主控屏自动切换,页面滑至《辅助者基础操作守则(试行稿)》第三条草案:
**“禁止将辅助能力用于个体决策替代,如升学、婚恋、投资建议。”**
光标在“禁止”二字下方闪烁三下,系统同步调取历史案例库。第一段影像弹出——某地高考志愿填报现场,一名辅助者以私人身份提供“最优路径推演”,画面显示七名考生全部填报同一冷门专业。三年后就业数据刷新:该专业毕业生就业率11%,行业薪资断崖式下跌。字幕浮现:“建议未备案,责任主体缺失。”

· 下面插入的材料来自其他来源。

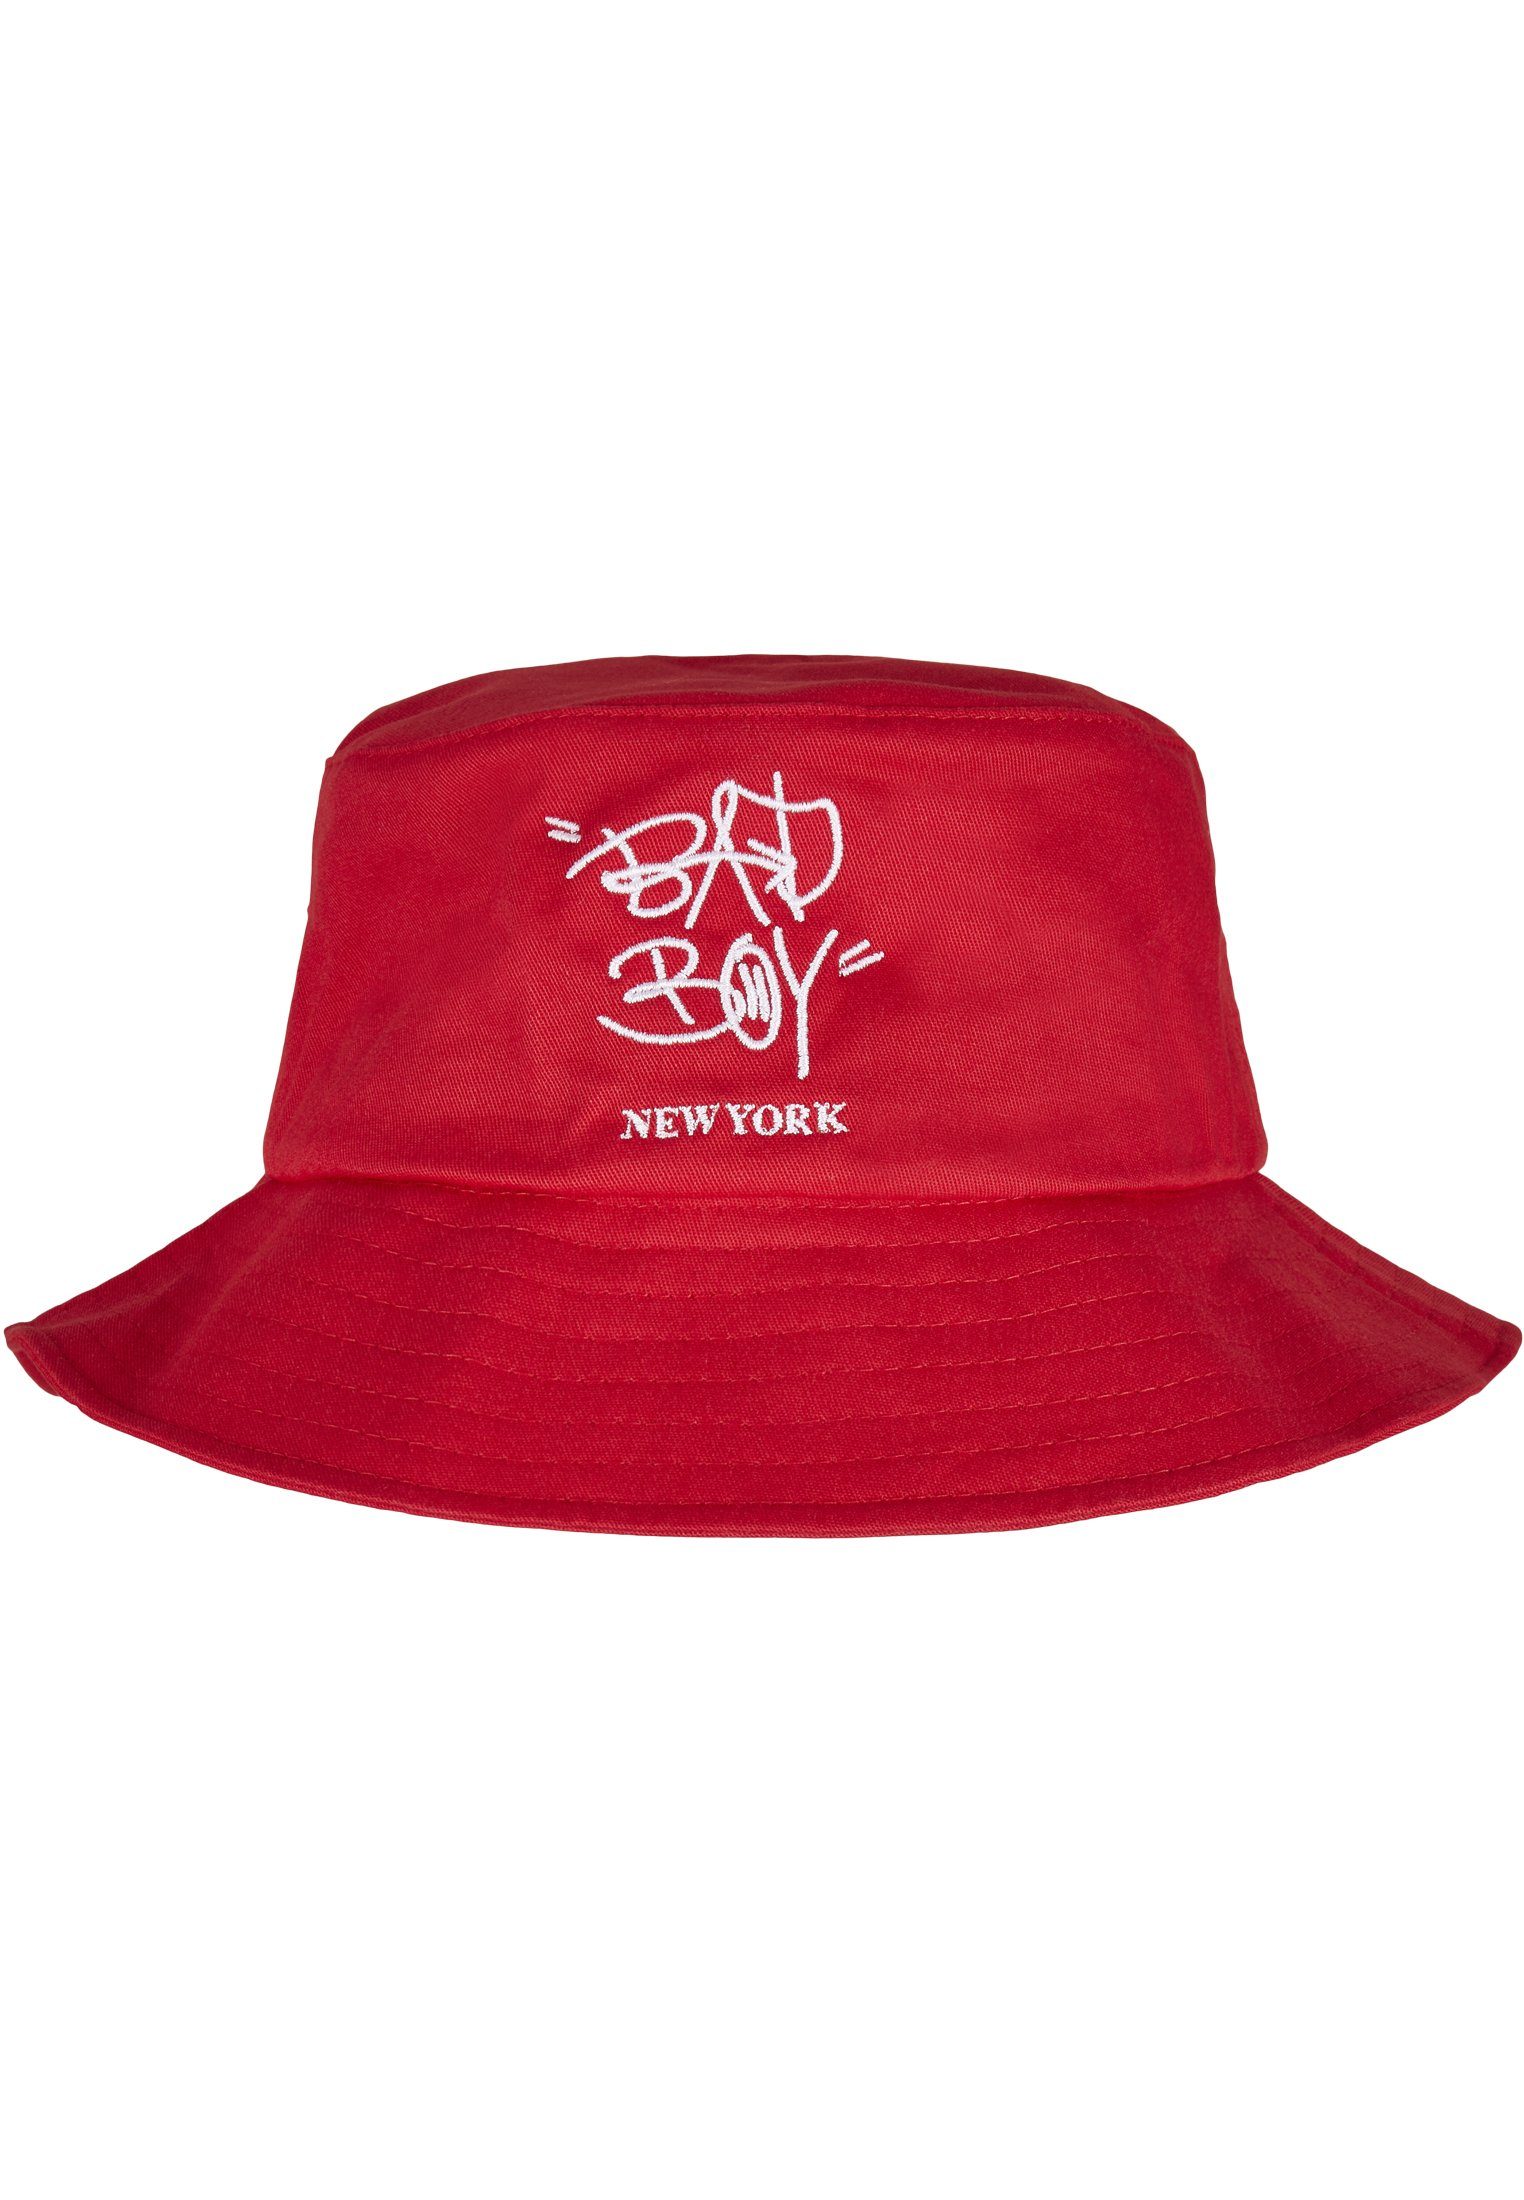 [Super günstiger Sonderpreis] MisterTee Snapback Cap Accessoires Bad Bucket Hat Boy

第二段影像切入:某市婚姻调解中心,情绪预测模型输出“离婚风险值87%”,一对夫妻当场签字解约。半年后复查发现,模型误将女方孕期激素波动识别为情感疏离信号。字幕:“干预无追溯机制,社会关系修复失败。”
第三段加载:某私募基金公司接入辅助演算接口,推荐用户全仓买入“低波动高回报”理财产品。市场突遭黑天鹅,产品净值单日暴跌63%。投资者集体维权,但合同注明“决策由客户自主作出”。字幕:“能力被用作免责背书,47人累计损失超两千万。”
每段播放完毕,屏幕右下角更新统计数字。最终定格:**“共涉47人,其中39人至今未恢复社会信任关系。”**
陈砚左手抬起,在空中轻点一下。
主控屏响应指令,将“信任关系断裂”六字加粗,背景色转为暗红。
年轻委员终端震动,加密频道跳出消息:“如果我们有能力避免悲剧,却选择袖手旁观,这算什么辅助?”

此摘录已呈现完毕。